Zum Termin: Heiligabend ist nicht Weihnachten. Heiligabend ist
der Vorabend des Weihnachtstags, also der Tag vorher. Es entspricht
guter protestantischer Tradition, dass es an diesem Abend ein einfaches
Essen gab - Würstchen mit Kartoffelsalat z.B.

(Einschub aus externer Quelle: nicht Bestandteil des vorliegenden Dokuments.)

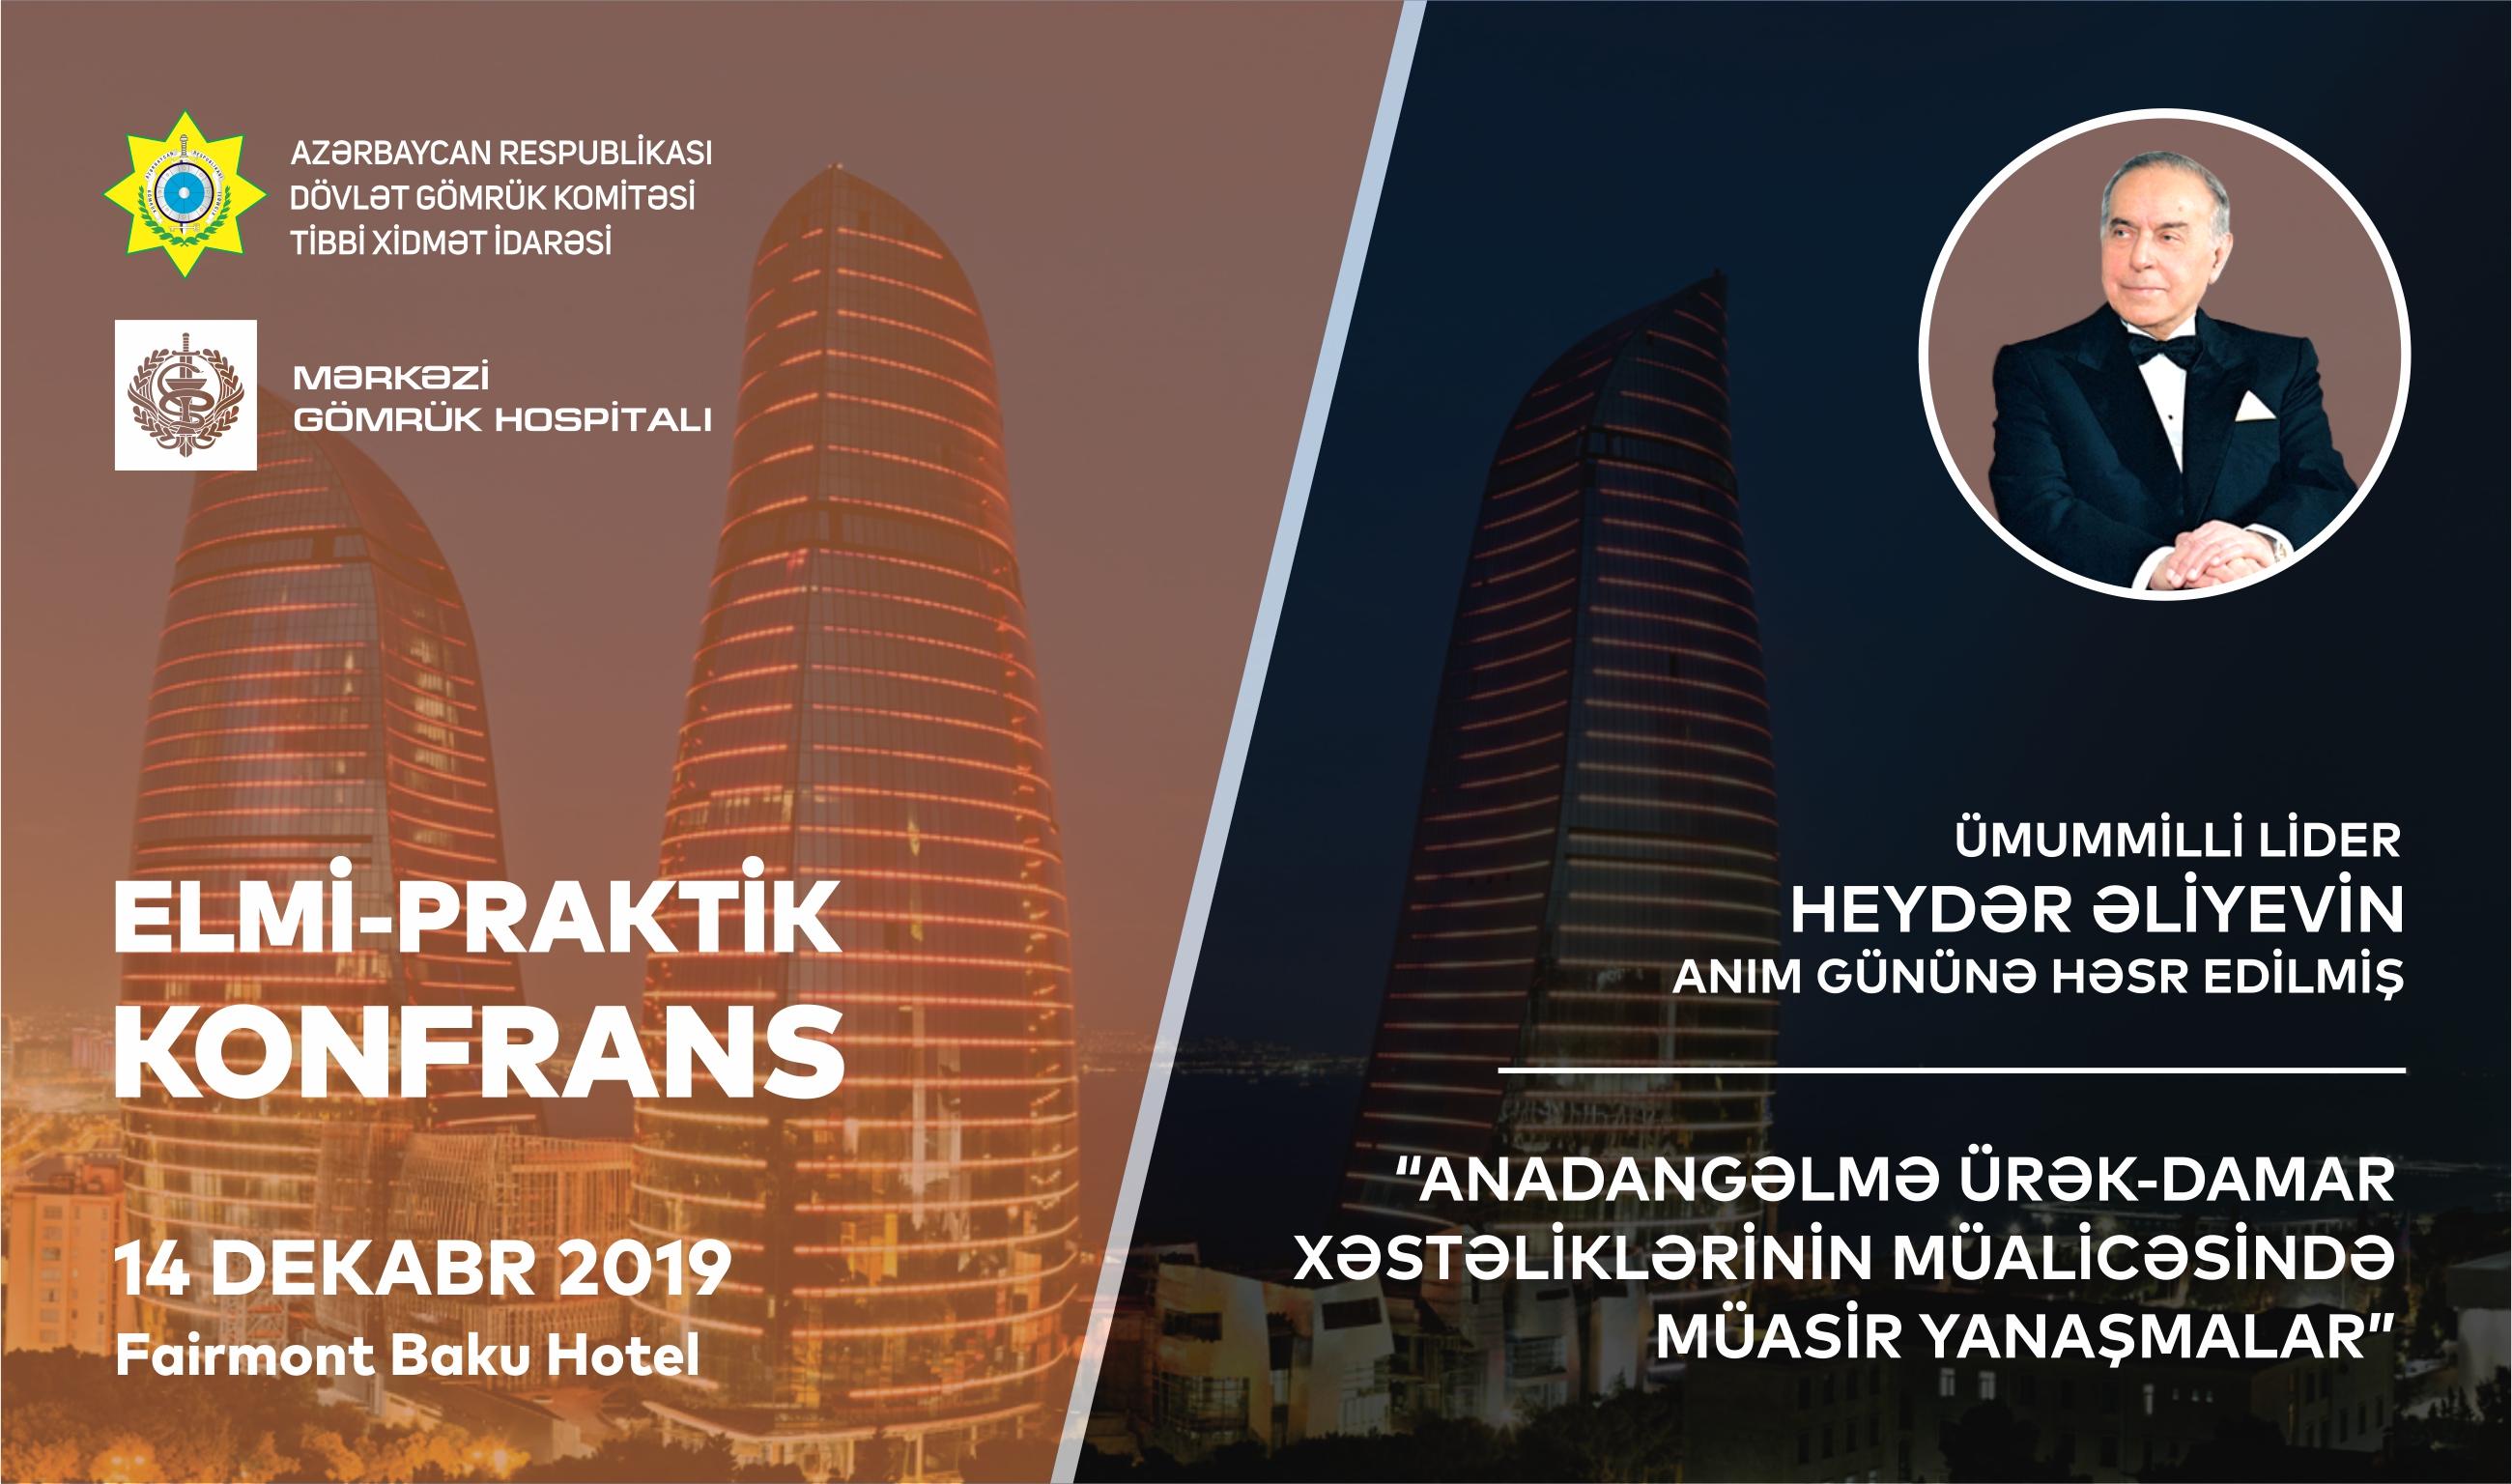 В Баку состоится научно-практическая конференция, посвященная дню памяти Общенационального лидера Гейдара Алиева

Am kurpfälzischen Hof in Heidelberg wurde Weihnachten vermutlich
nach guter deutscher Manier gefeiert: Am Weihnachtstag ging man
in die Stadtkirche zum Festgottesdienst und anschließend
wurde getafelt. Dabei bogen sich die Bretter der Tische unter der
Last des Festessens. Was übrig blieb, bekamen die Diener,
was die übrig ließen, bekamen die Armen der Stadt.
Und das hat auch noch gereicht. Weihnachten war ein Fest. Die
deutsche
Besinnlichkeit kam erst im 19. Jahrhundert auf. In der orthodoxen Kirche wird Weihnachten erst am 6. Januar gefeiert.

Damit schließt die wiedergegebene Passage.